## RECORDED DATA:
--*--

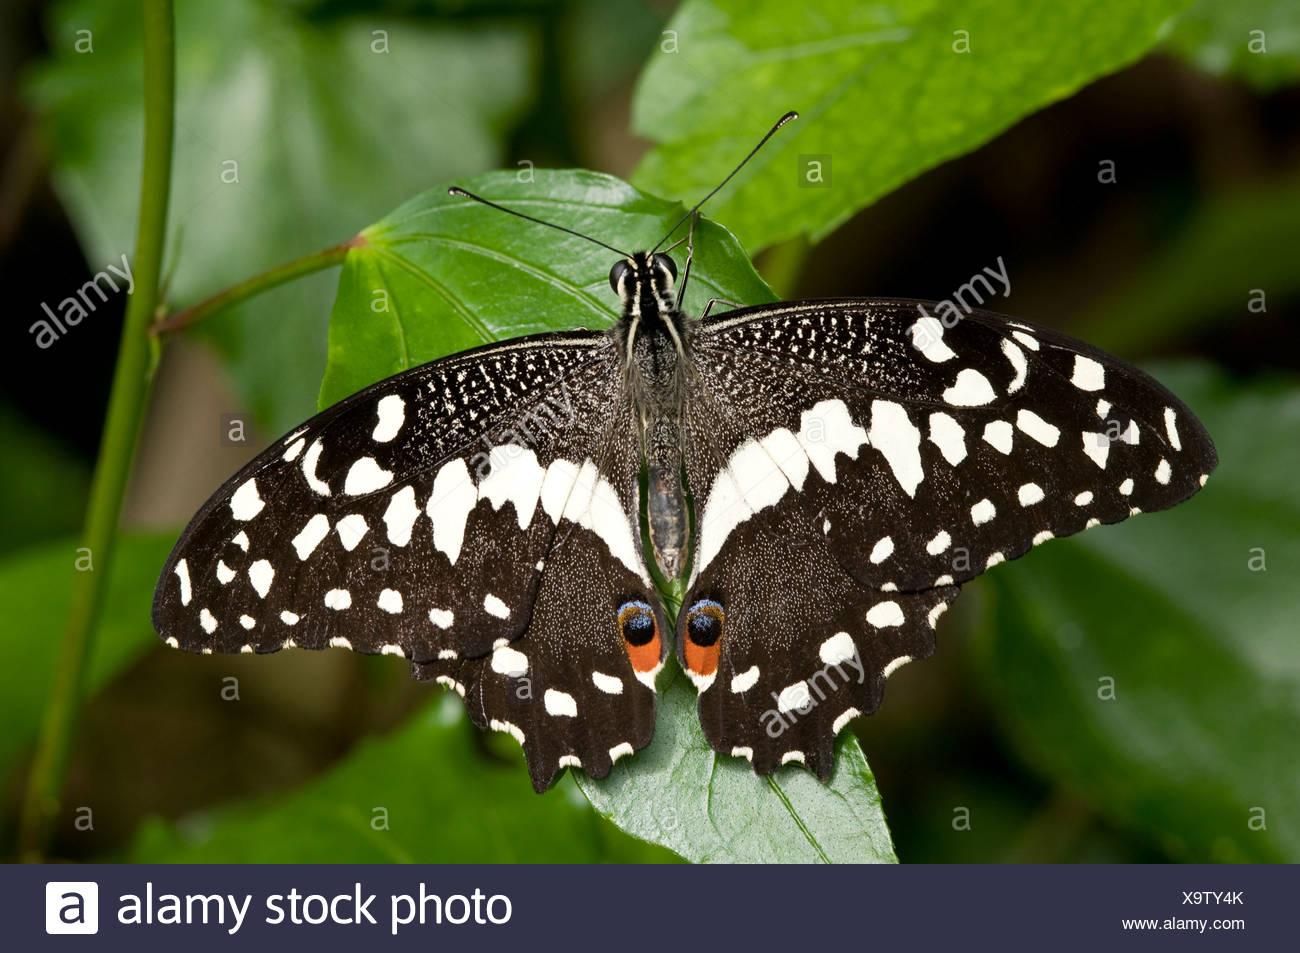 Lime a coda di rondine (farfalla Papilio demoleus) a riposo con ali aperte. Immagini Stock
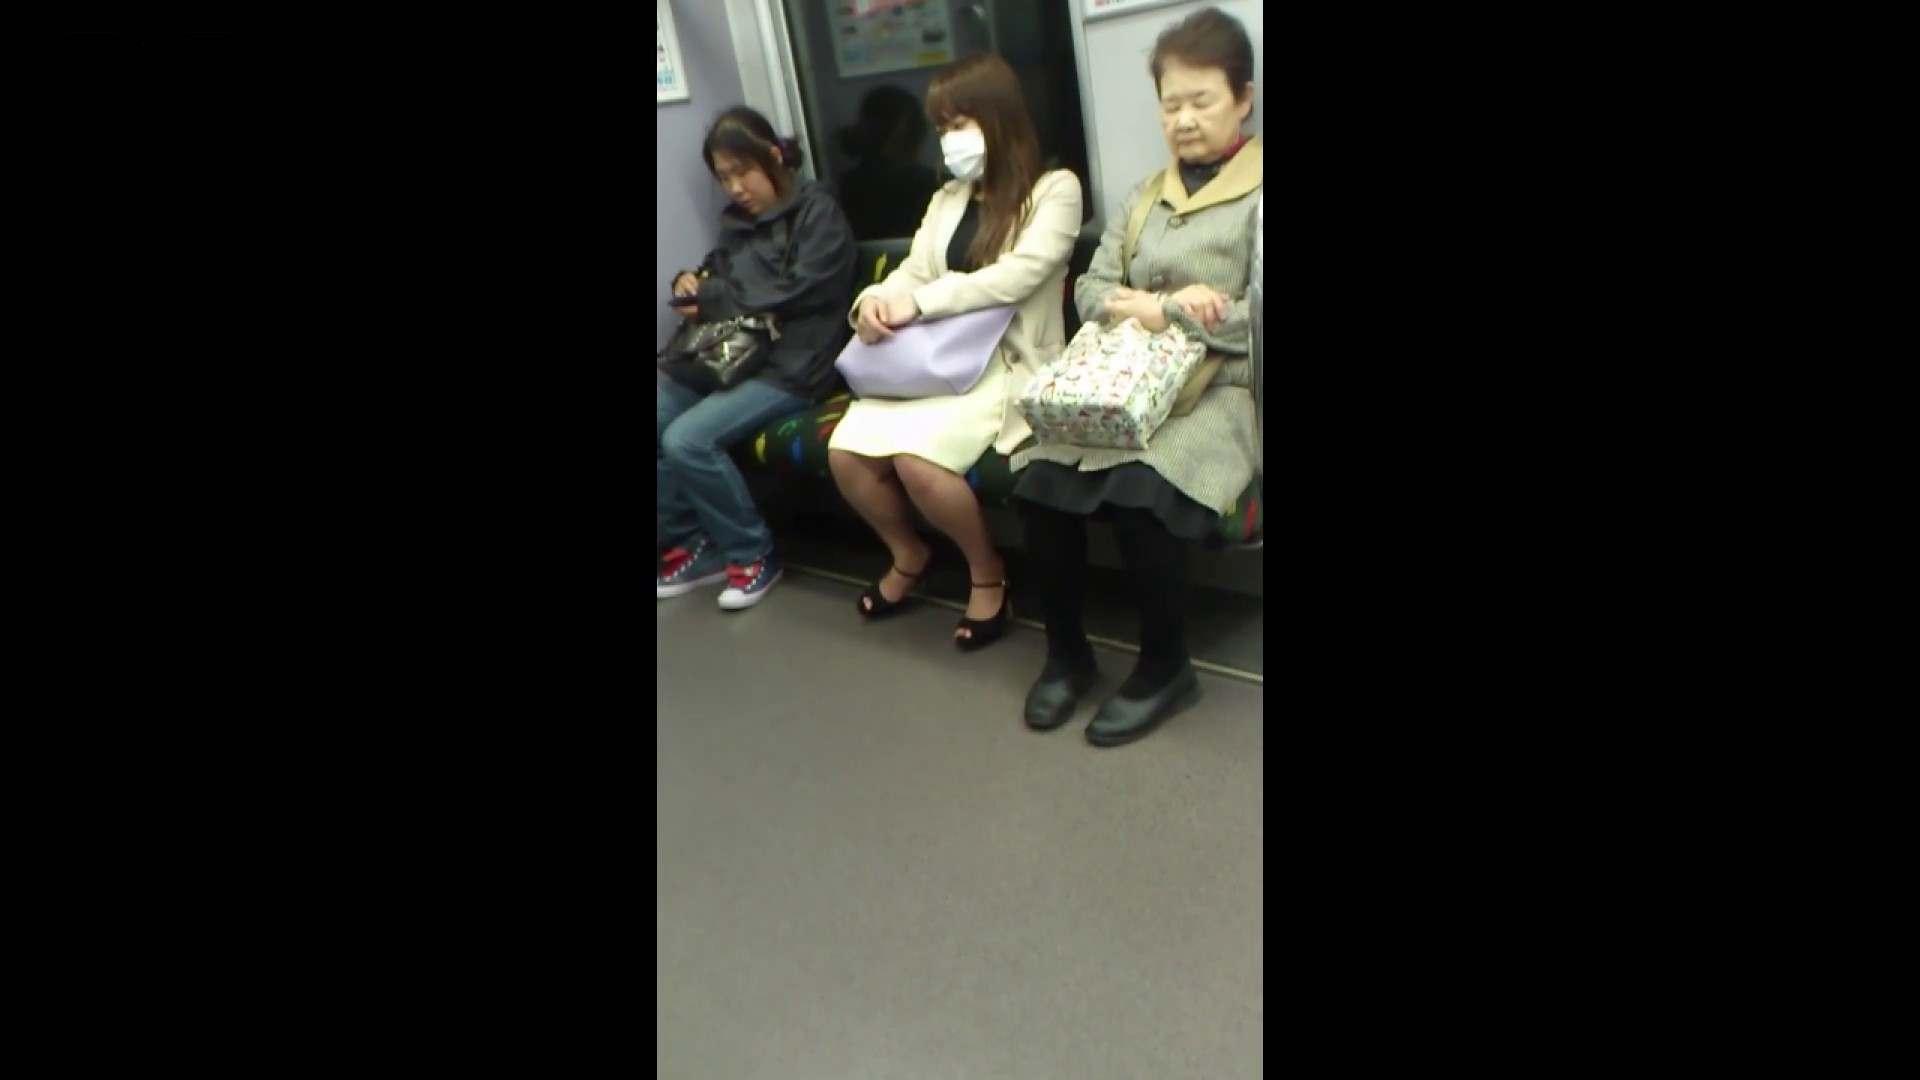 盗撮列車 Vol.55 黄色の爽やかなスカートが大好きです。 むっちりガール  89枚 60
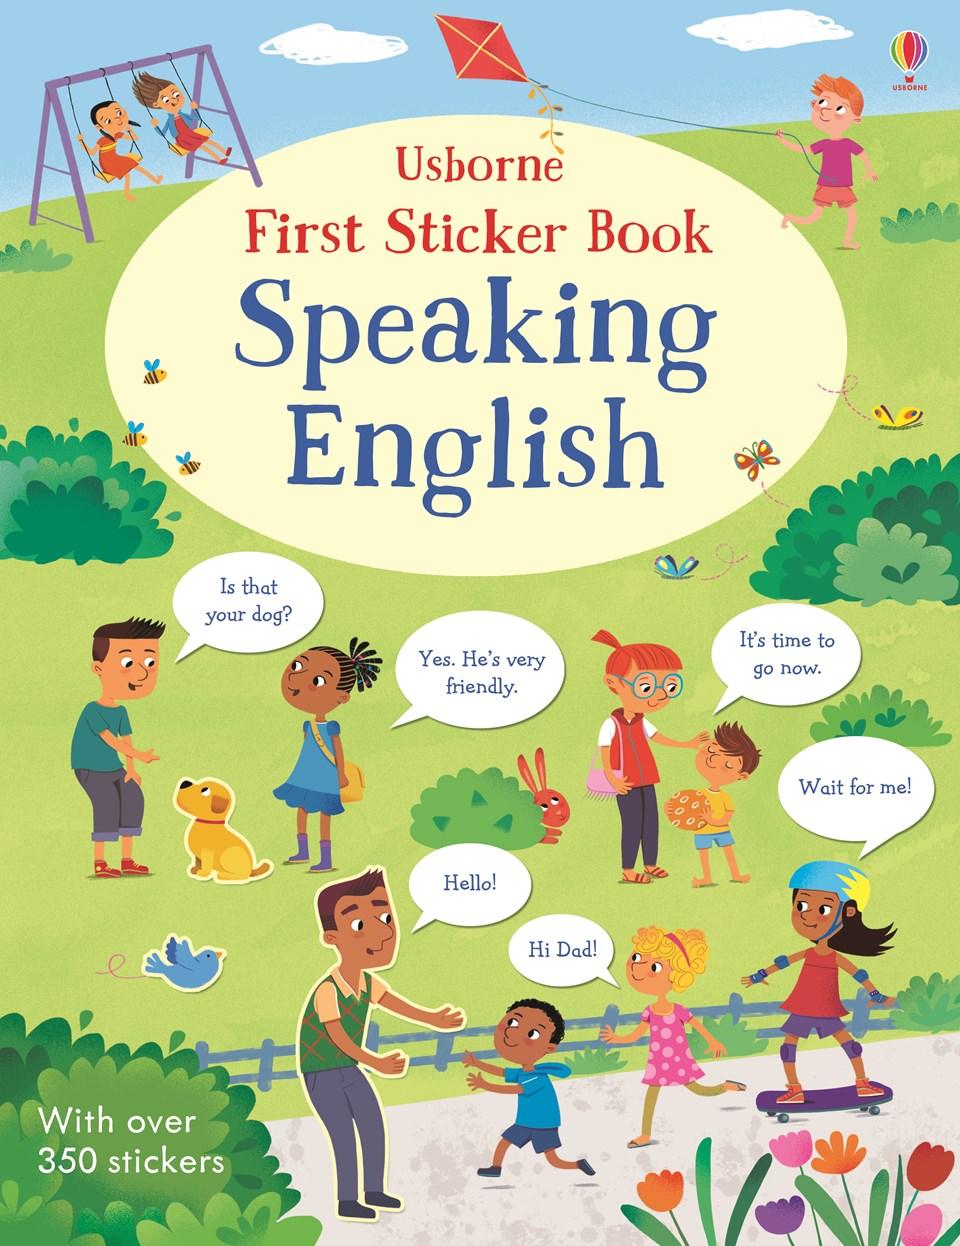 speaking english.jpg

--*--

## REQUIRED WORK:
Output the data exactly as it is, with the pictures dropped.

## EXERCISE OUTPUT:
 Lime a coda di rondine (farfalla Papilio demoleus) a riposo con ali aperte. Immagini Stock
 盗撮列車 Vol.55 黄色の爽やかなスカートが大好きです。 むっちりガール  89枚 60
 speaking english.jpg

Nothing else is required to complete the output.